Who is doing the normalization of wave function in the time evolution of wave function?

Question

In the Schrödinger equation, at any given time $t$ we should jointly add another sub equation, like $$||\psi_t(x)|| = 1$$ where $\psi_t(x) = \Psi(x,t)$, and then try to solve the two equations simultaneously. Why not? I know it does not yield, but I am always baffled, who is doing the normalization of the wave function? Observers, the system, the measuring process, God?

Answer 1

Nobody is "doing the normalization".

Normalization is not even necessary. We often normalize for convenience, since that means that the Born rule for $\lvert \psi \rangle$ being the state $\lvert \phi \rangle$ reads

$$ P(\psi,\phi) = \lvert \langle\psi\vert\phi\rangle \rvert ^2$$

which is certainly easier to recall/write than

$$ P(\psi,\phi) = \frac{\lvert \langle\psi\vert\phi\rangle \rvert ^2}{\lvert \langle\phi\vert\phi\rangle \rvert \lvert \langle\psi\vert\psi\rangle \rvert }$$

but nothing in the formalism forces normalisation. The basic principle says that states are rays in the Hilbert space, so that $\lvert \psi \rangle$ and $c\lvert \psi \rangle$ represent the same state for all $c \in \mathbb{C}$, and are, for all purposes, fully equivalent representants of the same state. (This, by the way, means that if we want a space where every element corresponds to a distinct quantum state, we should look at the projective Hilbert space instead)

Answer 2

Suppose $\psi$ satisfies the (dimensionless) time-dependent Schrödinger equation: $$ i\frac{\partial\psi}{\partial t}=-\frac{\partial^2\psi}{\partial x^2}+V(x)\psi. $$ It will also satisfy the conjugate equation: $$ -i\frac{\partial\psi^*}{\partial t}=-\frac{\partial^2\psi^*}{\partial x^2}+V(x)\psi^* $$ Now consider how the normalisation changes over time: $$\begin{align} \frac{\partial}{\partial t}\int\psi^*\psi dx &= \int\left(\psi\frac{\partial\psi^*}{\partial t}+\frac{\partial\psi}{\partial t}\psi^*\right)dx \\ &= \int\left(\psi\frac{1}{-i}\left(-\frac{\partial^2\psi^*}{\partial x^2}+V(x)\psi^*\right)+\psi^*\frac{1}{i}\left(-\frac{\partial^2\psi}{\partial x^2}+V(x)\psi\right)\right)dx\\ &=0 \end{align}$$ In the last step we use integration by parts with the assumption that everything goes to zero on the boundary of our domain of integration. (Or use the fact that the momentum operator is Hermitian.)

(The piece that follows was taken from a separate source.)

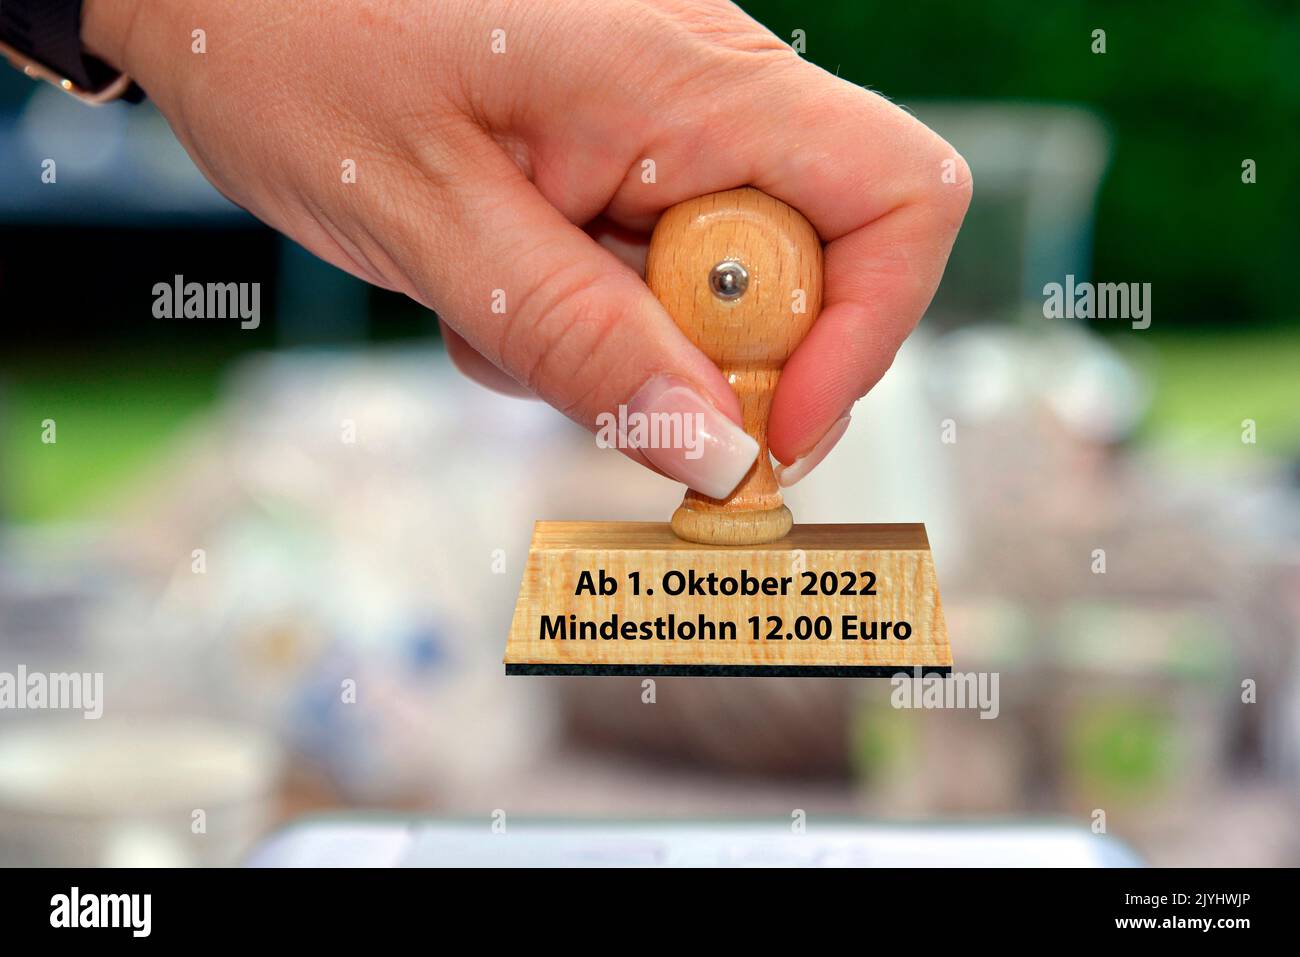 mano della donna con la scritta del francobollo ab 1. Oktober Mindestlohn 12 Euro, nuovo pagamento minimo di 12 €, Germania Foto Stock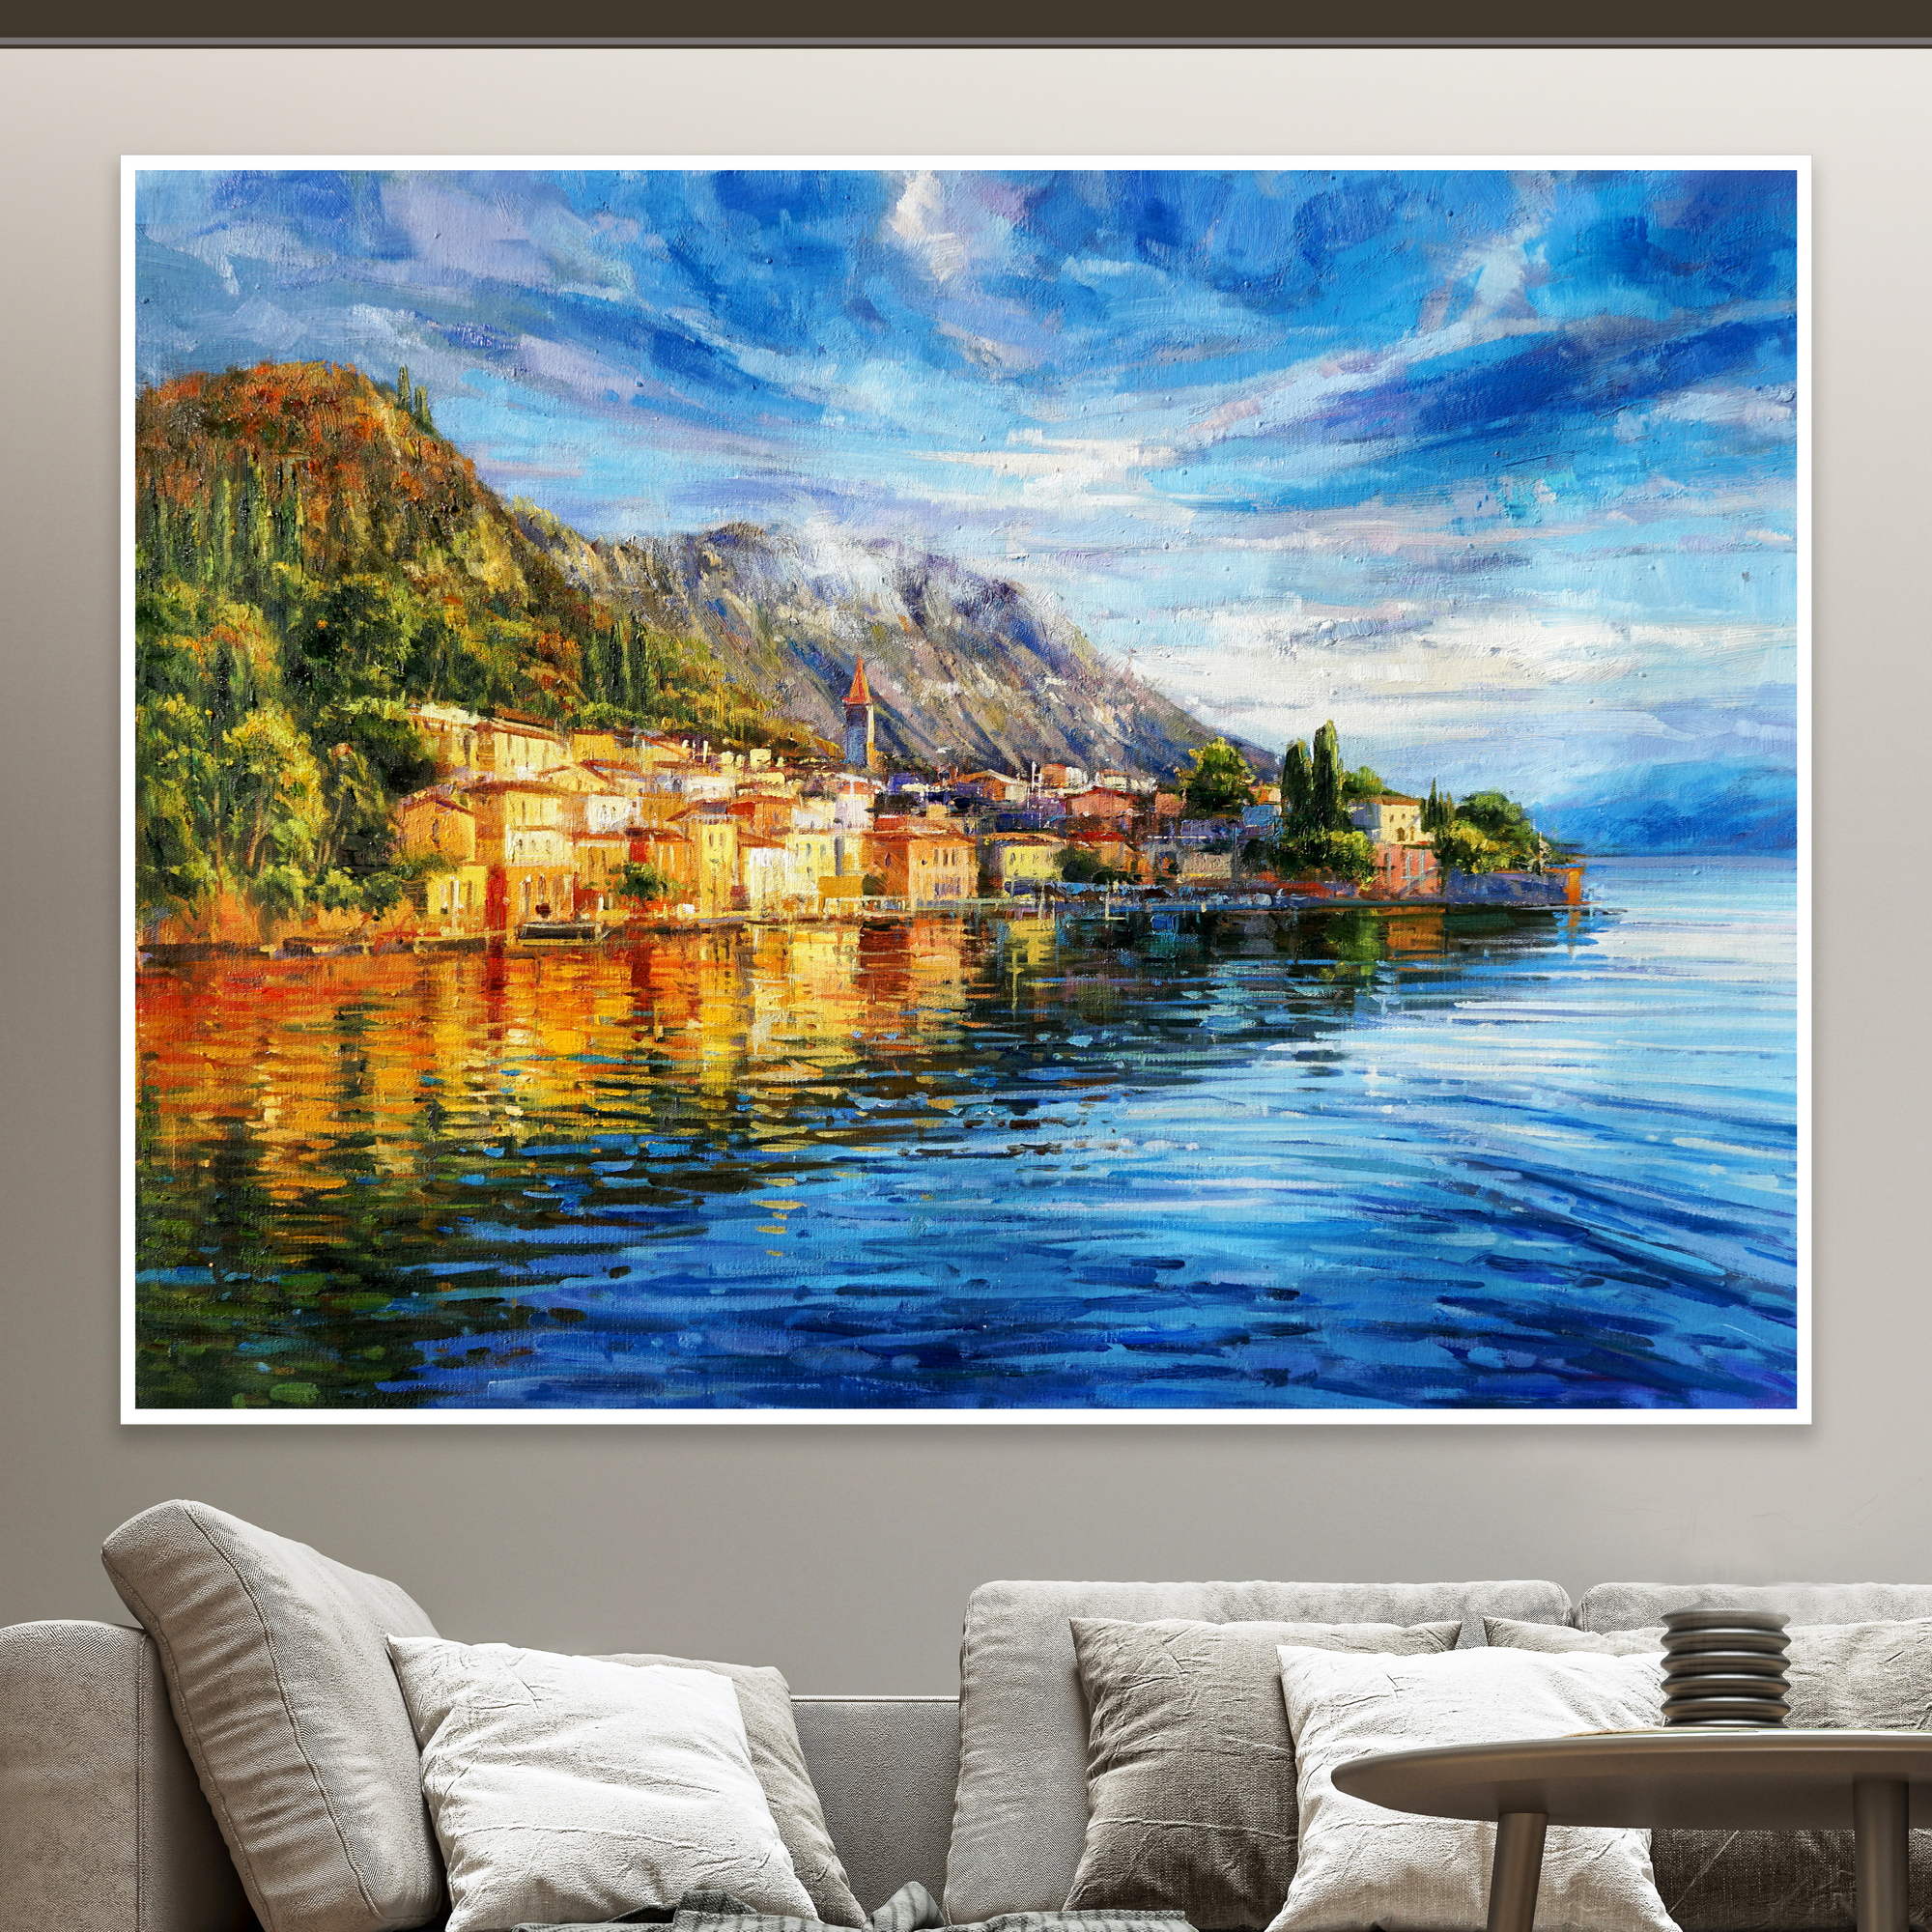 Dipinto del caratteristico paesino di Varenna sul lago di Como

So if you start with a normalised wave function it stays normalised.

The answer to your question is: Schrödinger.

Answer 3

I think it's a very good question. As a specific case for example for the $\psi$ of a particle, we say that $\int||\psi_t(x)|| = 1$, and what does it mean? it means that we have a particle. it means it can be found in a time in some space. and how do we say that?

I think it's just a logical reasoning and it's according to what we have persevered of nature from the beginning up to now that: if we have a particle it is (must BE) in some space-time. So the probability of finding it in all space and time (universe under which we do experiment) should be equal to 1.